Problem requirements: The whole listing, pictures aside, should be reproduced exactly.

Given information: Begin

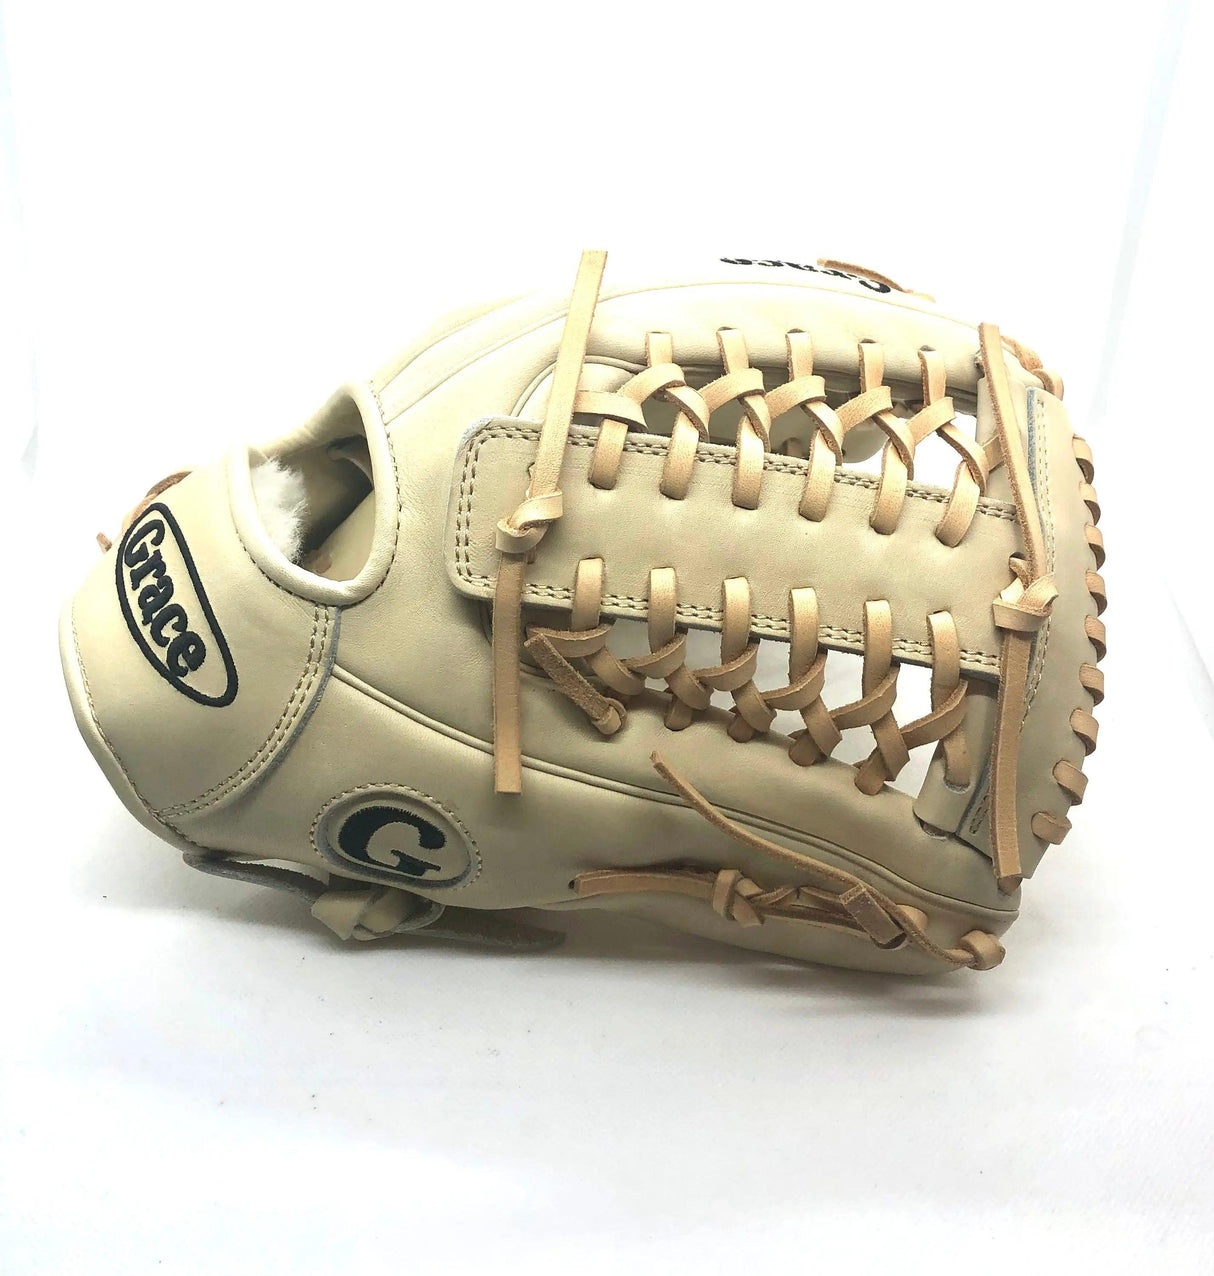 Grace Glove Co 12" In Blonde Fielding Pitching Modified Trapeze Web Glove - CustomBallgloves.com
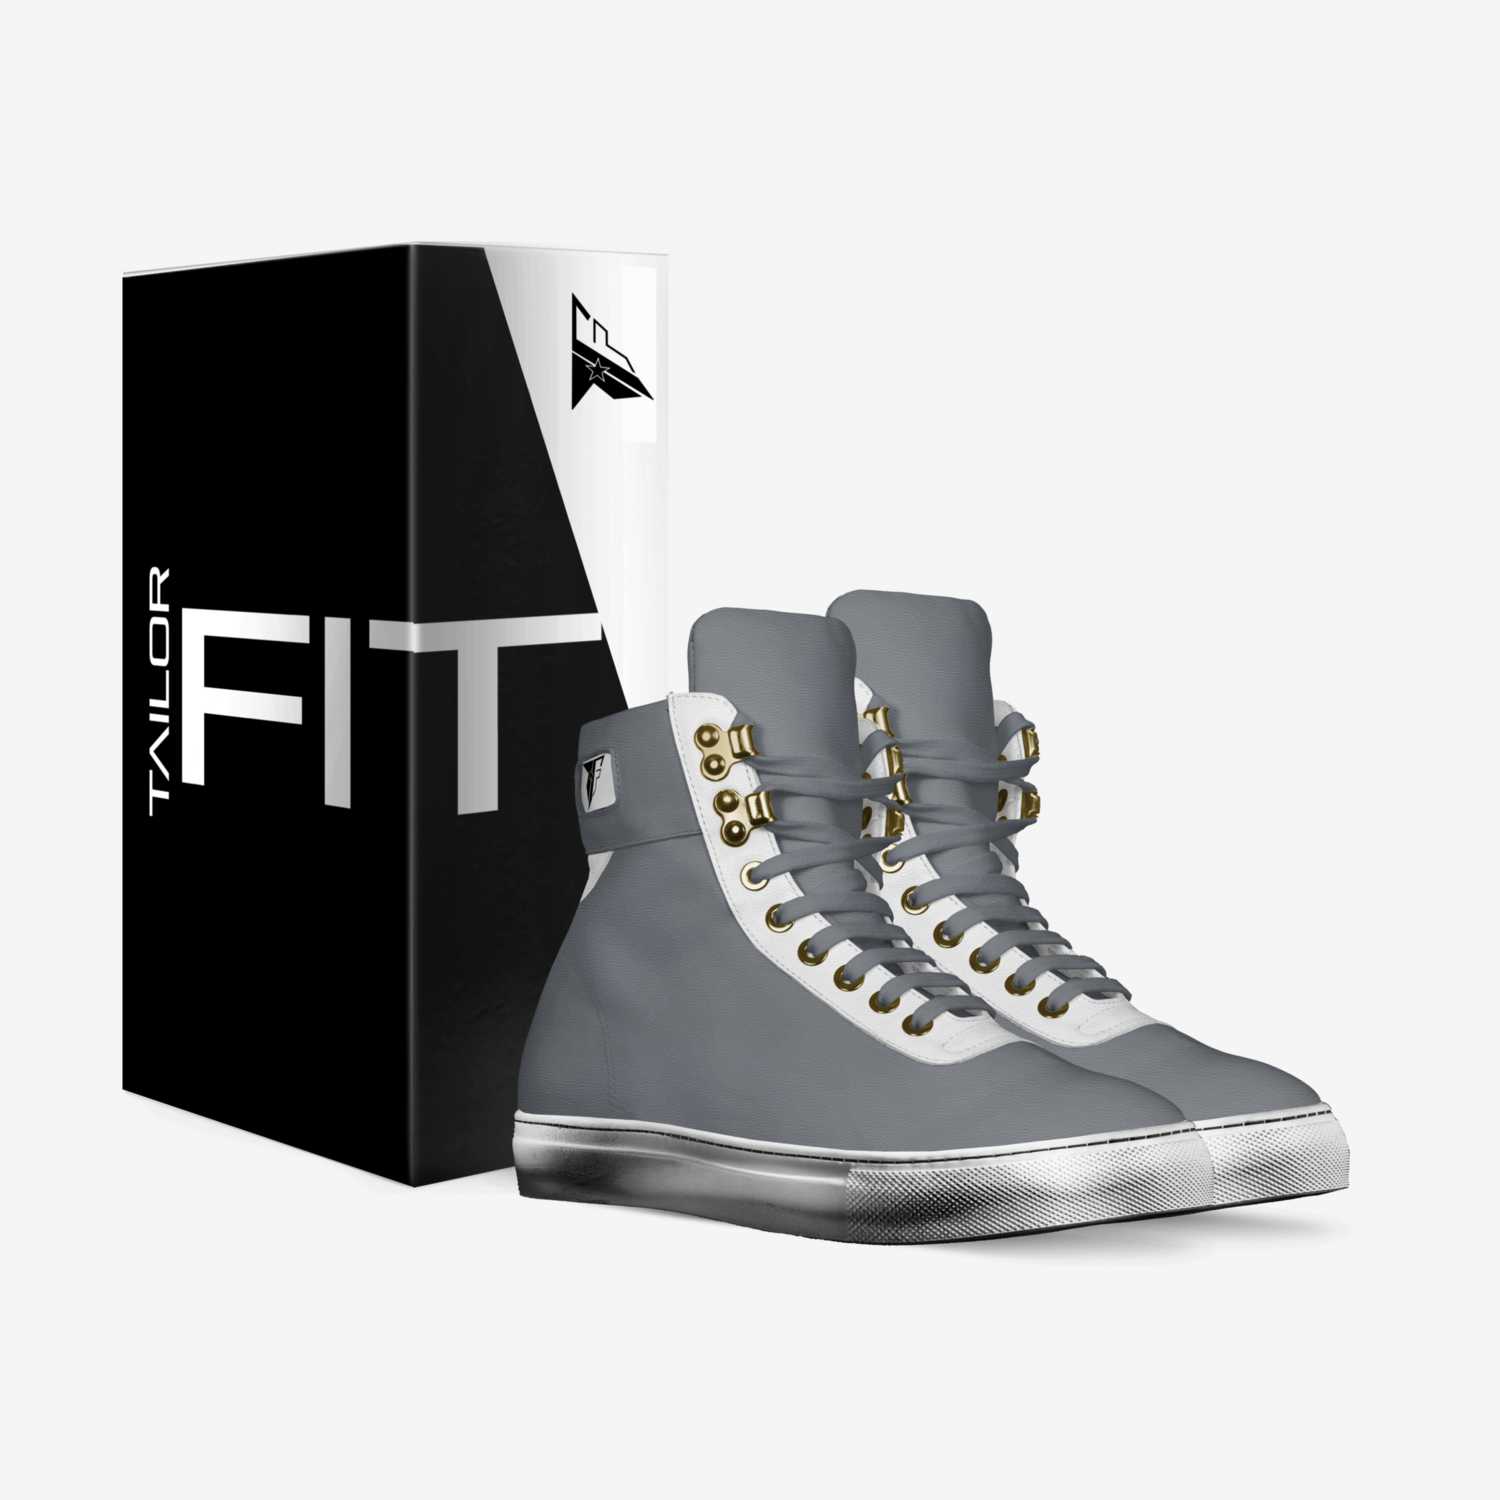 Tailorfit custom made in Italy shoes by Talor Fiit | Box view
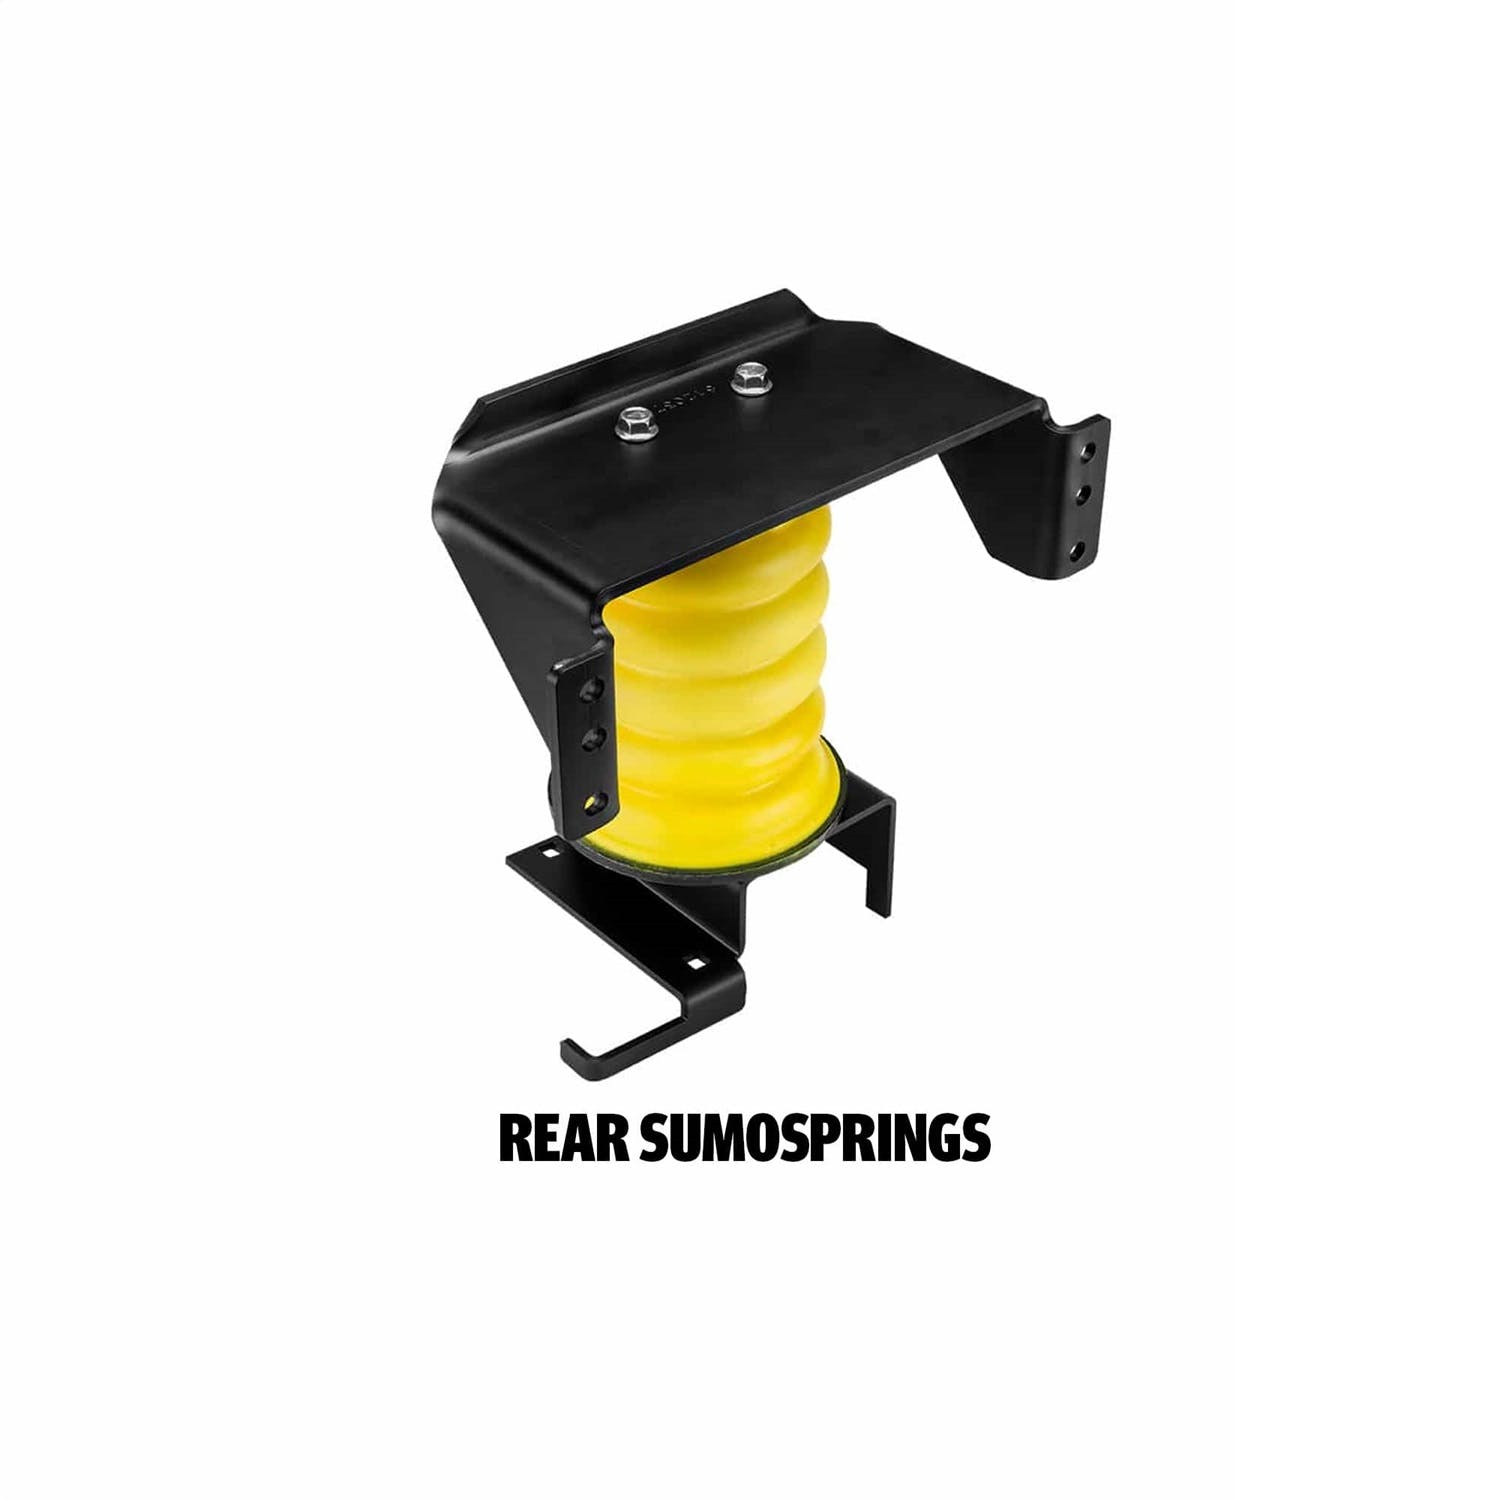 SuperSprings K-10-005 SumoSprings Front and Rear Kits are one-piece units attached on each side
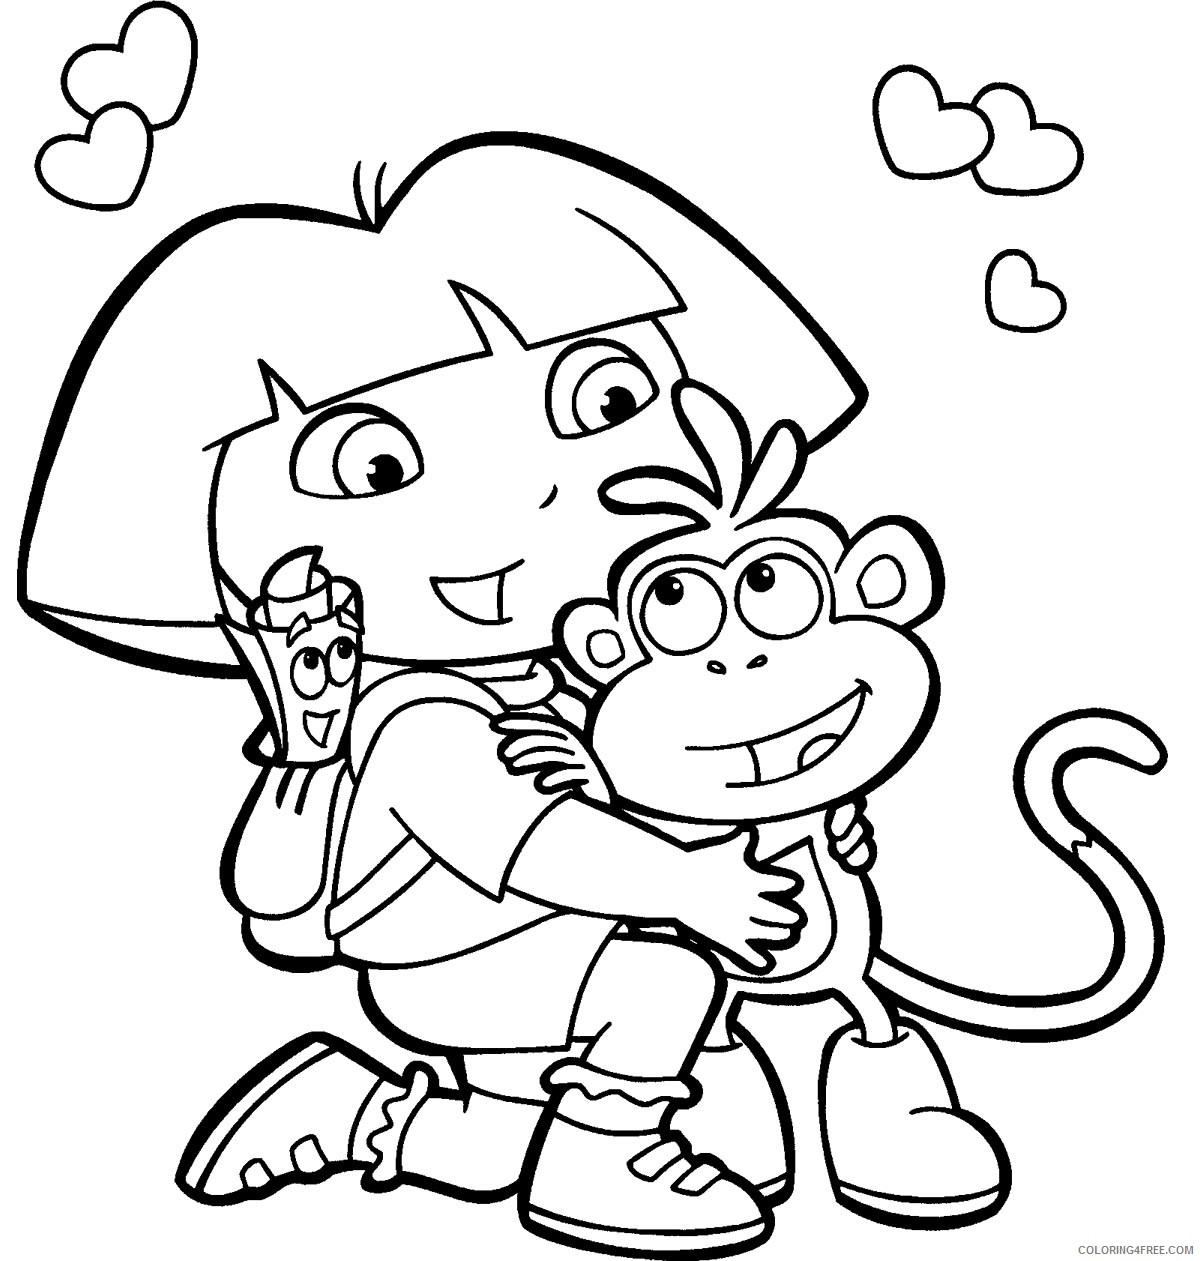 dora coloring pages dora and friends Coloring4free

Given information: End

Task solution:
 Grace Glove Co 12" In Blonde Fielding Pitching Modified Trapeze Web Glove - CustomBallgloves.com
 Tailorfit custom made in Italy shoes by Talor Fiit | Box view
 SuperSprings K-10-005 SumoSprings Front and Rear Kits are one-piece units attached on each side
 dora coloring pages dora and friends Coloring4free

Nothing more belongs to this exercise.